Somewhat consoled, we settled into a delightful ride. For once there was a helpful tailwind pushing us along (instead of trying to blow us back towards the Middle East) as we negotiated an excellent bike path that led all the way into the city. Thank goodness there was the bike path too as the main road certainly looked like a Road of Death to anything without a horn and steel-plated exoskeleton. Carefully weaving our way through the neighborhoods and villages on the outskirts of Toulon, we arrived in good time and rolled up to the train station. We were even more surprised than before not to find Corinne waiting for us. Nevertheless, we kept our eyes open as we checked on the train schedule. There were trains (that took bikes) leaving approximately every hour with the last one (that could get us to Marseille in time for the chat) in 4 hours at 5:30. So we sat down to wait.

After two hours without any sign of Corinne, we began to grow concerned. Ethan even rode down to the Tourist Office and asked if there had been any sightings of an American on a bike. After another hour, Ethan returned to the tourist office and they helped him call the police and local hospitals while Padraic checked in with our Marseillaise friends at DIA - from whose offices we would chat - to see if there were any messages. After receiving no news, we decided, somewhat reluctantly, to get on the last train to Marseille.

Arriving at the DIA offices just in time for the chat, we were relieved to hear that Corinne had finally called, but alarmed that it had come from a police station. But apparently, she was OK and headed over to meet us. We later learned from her that she had been enjoying the tailwind so much that she decided to ride all the way into Marseille without stopping anywhere in Toulon. Anthony, Padraic and Ethan were more than a little envious. Oh well. At least Corinne had a nice afternoon's worth of riding.

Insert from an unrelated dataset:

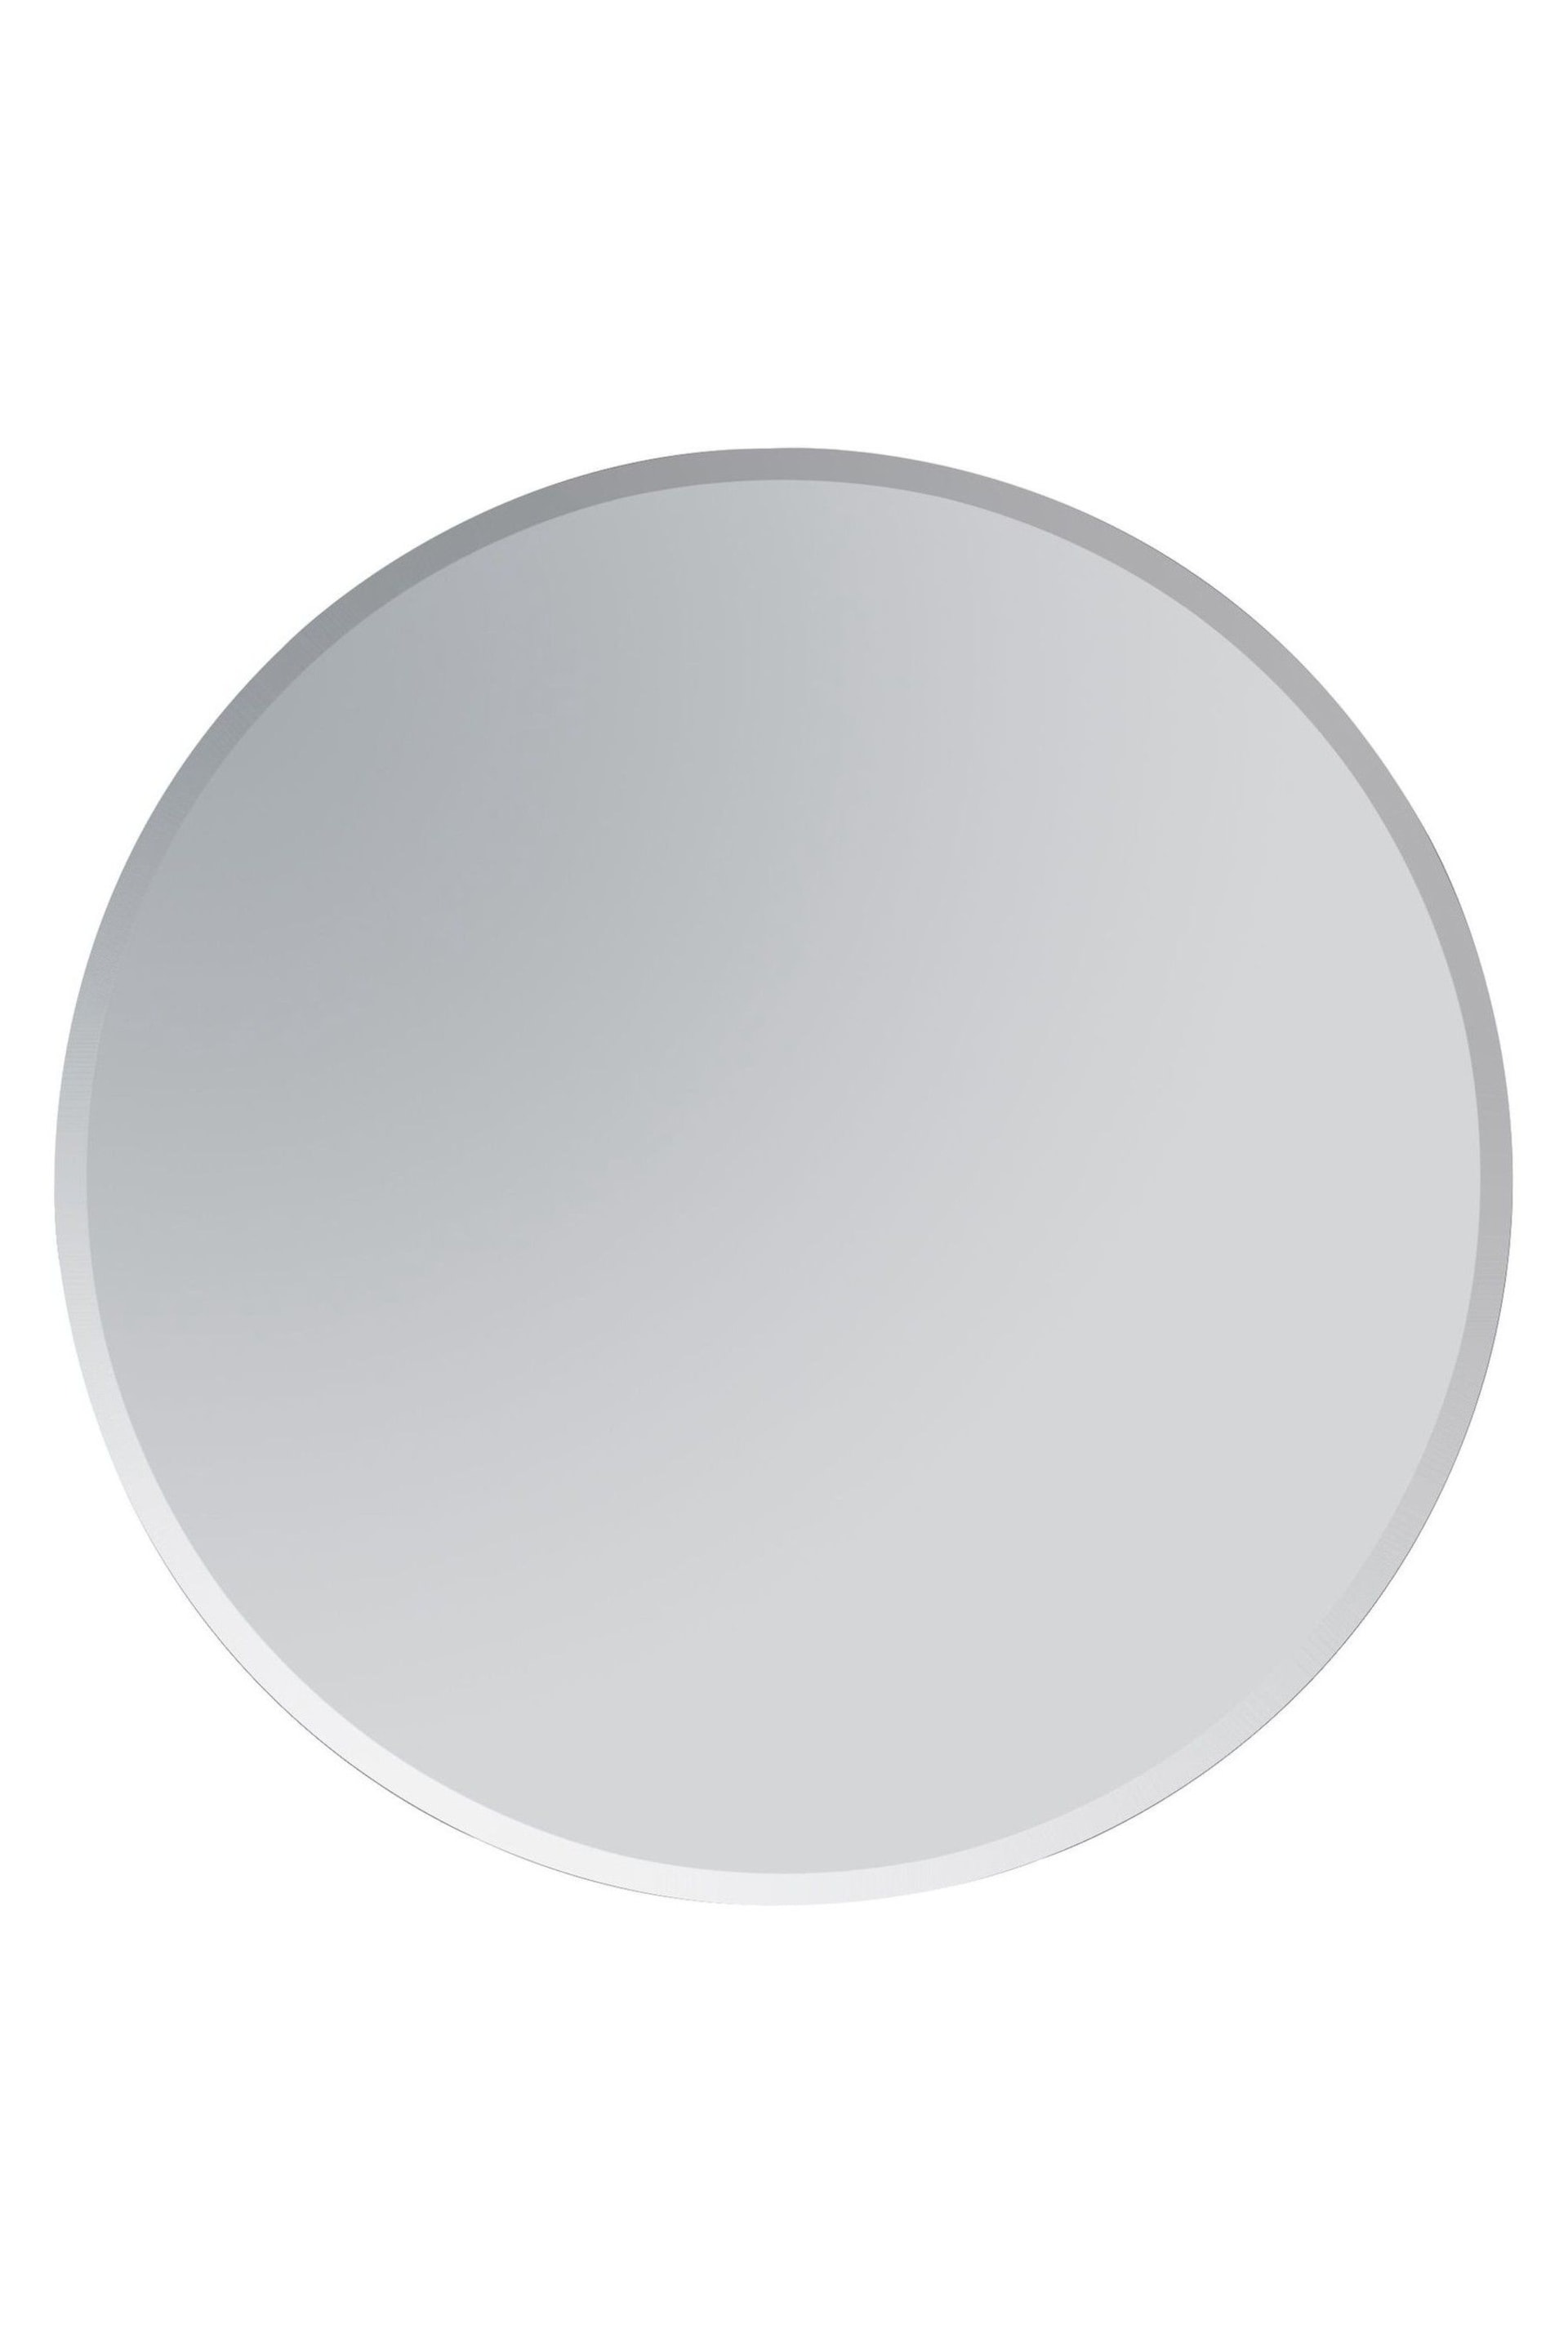 Showerdrape Fitzrovia Round Bathroom Mirror - Image 2 of 4

The rest of the evening was filled with chats as we answered questions posed both on the Internet and by the DIA staff. You may recall that we have been working with DIA ever since our time in Gaza City when we collaborated with their Diwan el Shabab. We also were lucky to enjoy the hospitality of the DIA Dobrinja (Sarajevo) Euroclub in Sarajevo. In the days ahead, there will be plenty more about DIA and the incredible people who make this association run.

Finally, after the chat, we were introduced to a wonderful woman named Florence. She led the way to her apartment, which she was graciously allowing us to use during the whole of our stay in Marseille. (For more on this angel of mercy, check out tomorrow's Person of the Day.) In short order, we changed into clean clothes and were ready for dinner. Together with Stéphane from DIA, and after a short walk, we found ourselves standing in front of one of Florence's favorite couscous restaurants where, before we knew what had happened, steaming bowls of yummy food were placed before us. Soon after, our hunger was sated (somewhere in there the couscous disappeared).

Returning to Florence's apartment, we showered and put ourselves in bed and were asleep in record time.